Bill Nusser, president of the Downtown District and owner of Hands Jewelers, said he has seen plenty of issues in the area.

“We’ve had problems with people who are literally living downtown and parking their possessions in the area,” Nusser said. “Some harassment situations have occurred. It’s unpleasant, and it’s not who we are as Iowa City.”

Schwindt said priority for this program will be given to people who have been cited in the central business district, but given enough space in the program, he is open to accepting any people in the city who is willing to work off their fines — including students who have been ticketed for drinking.

When proposing the idea to Iowa City police administration, the City Manager’s Office, and Iowa City Parks and Recreation, Schwindt received remarks that were “positive across the board.”

“Everybody has been 100 percent supportive,” he said. “They’ve pretty much helped me to obtain whatever I’ve needed for the area to solve the problems down here. I really had no problem getting this through the city, the clerk of court, or anyone else.”

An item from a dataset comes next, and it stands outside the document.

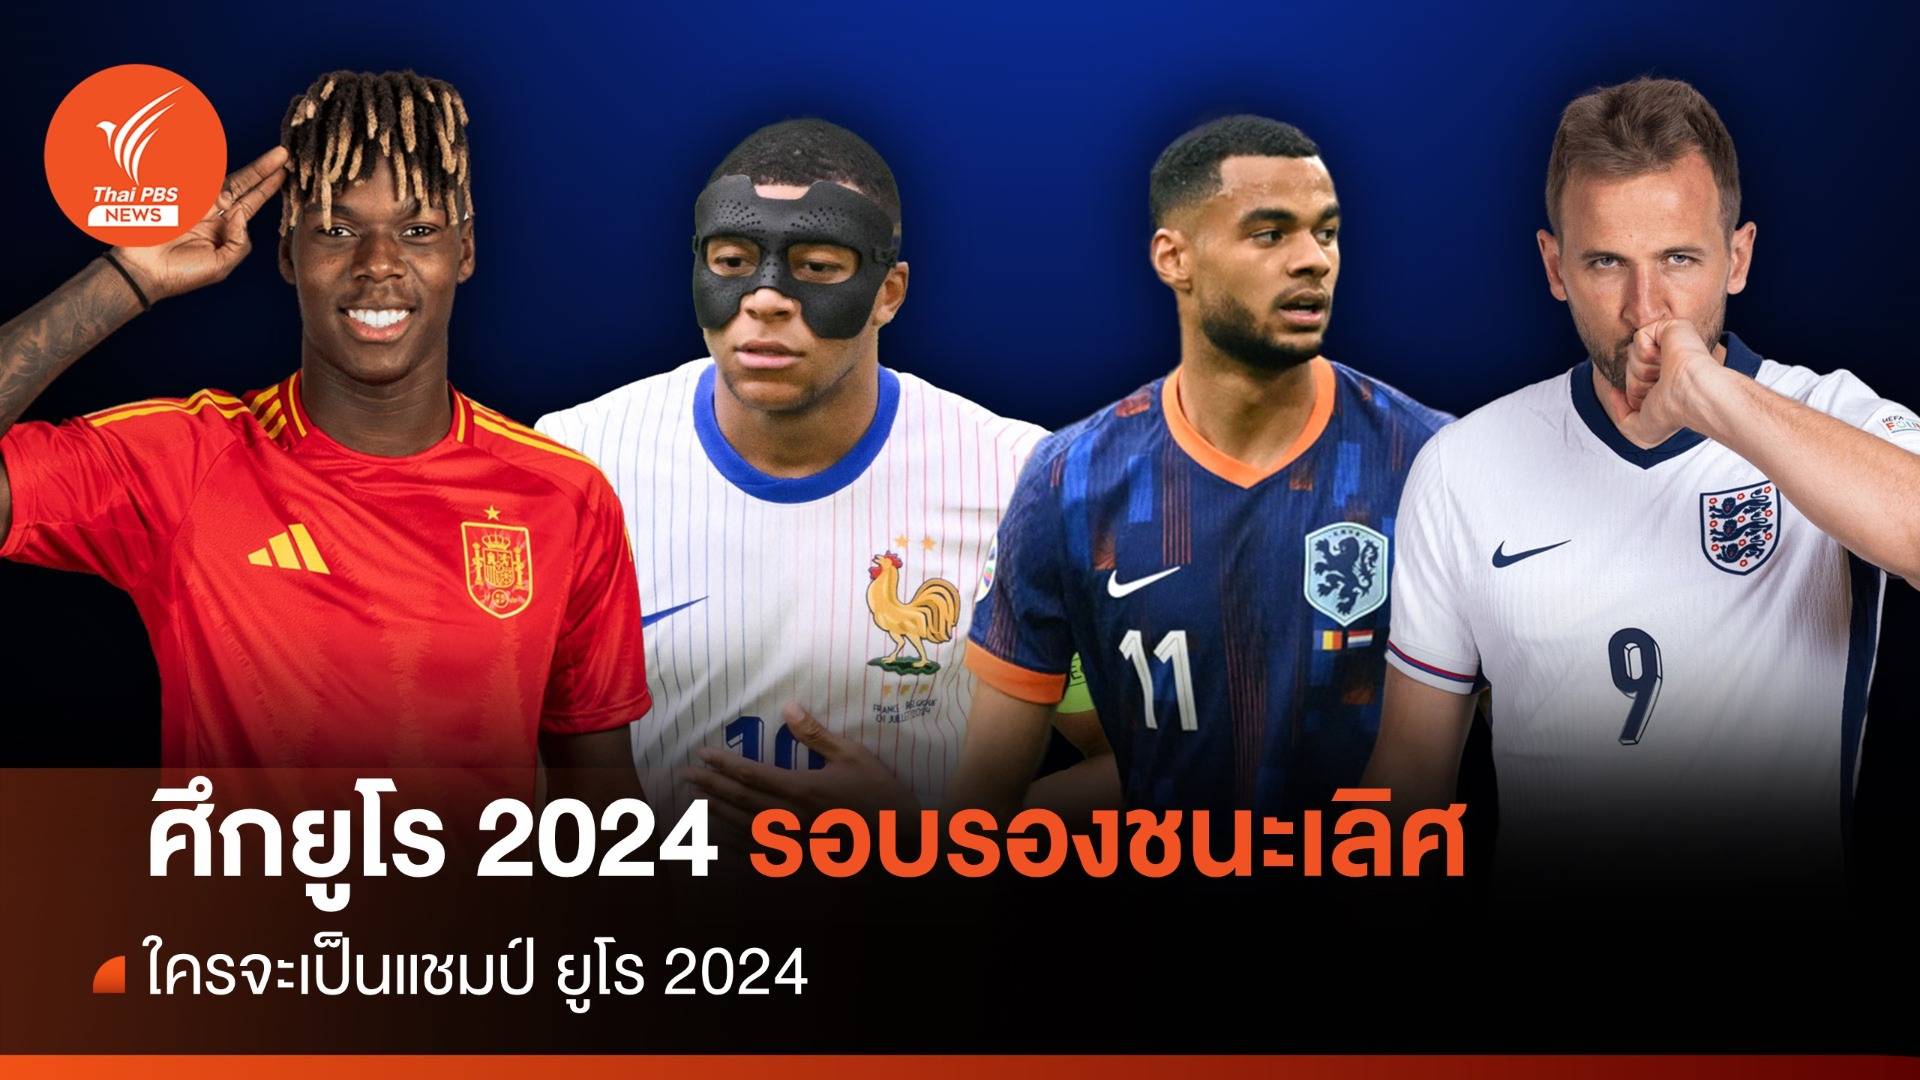 การแข่งขันฟุตบอลยูโร 2024  ได้ 4 ทีมสุดท้าย ใคร ? จะเป็นแชมป์ ยูโร 2024
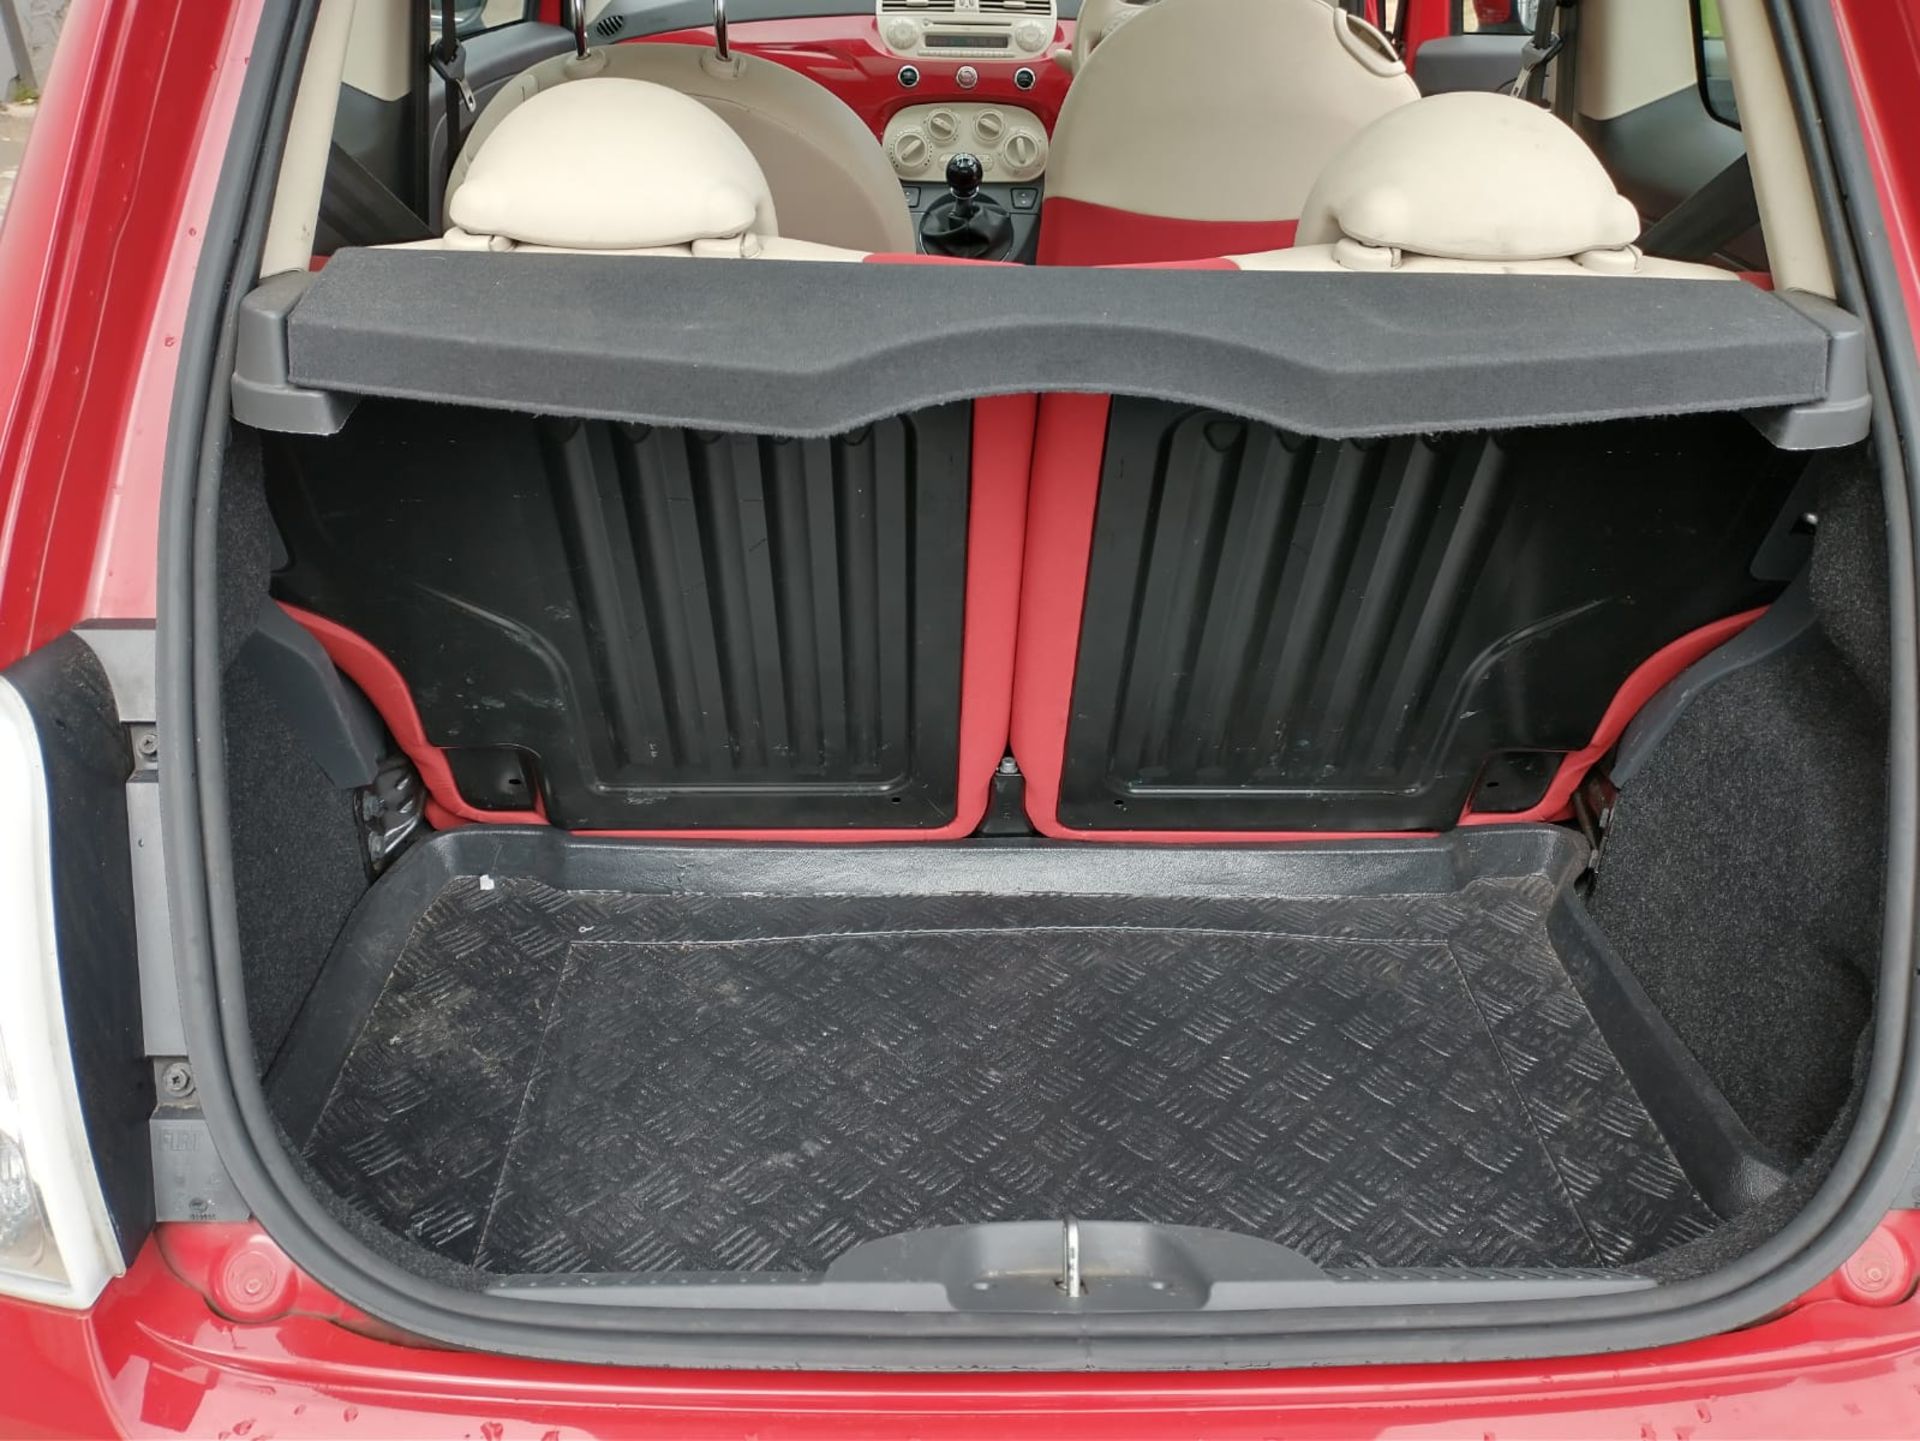 2013 Fiat 500 1.2 3Dr hatchback - Image 7 of 13

Because of the issues that Nusser has witnessed downtown, he said the program is an excellent idea.

“I think [the program] is great,” he said. “For people who can’t pay off the fines but can work them off, it gives them a sense of dignity. I think it’s a tremendous idea.”

From the beginning of getting his position downtown, Schwindt has had a clear goal in mind of what he wants, and the same goes for the community service program.

“Our goal is for the community to be able to experience a clean and safe downtown and to give people the opportunity to work those fines off without having to spend the money,” Schwindt said. “Especially when some of the people being cited don’t have the money to spend.”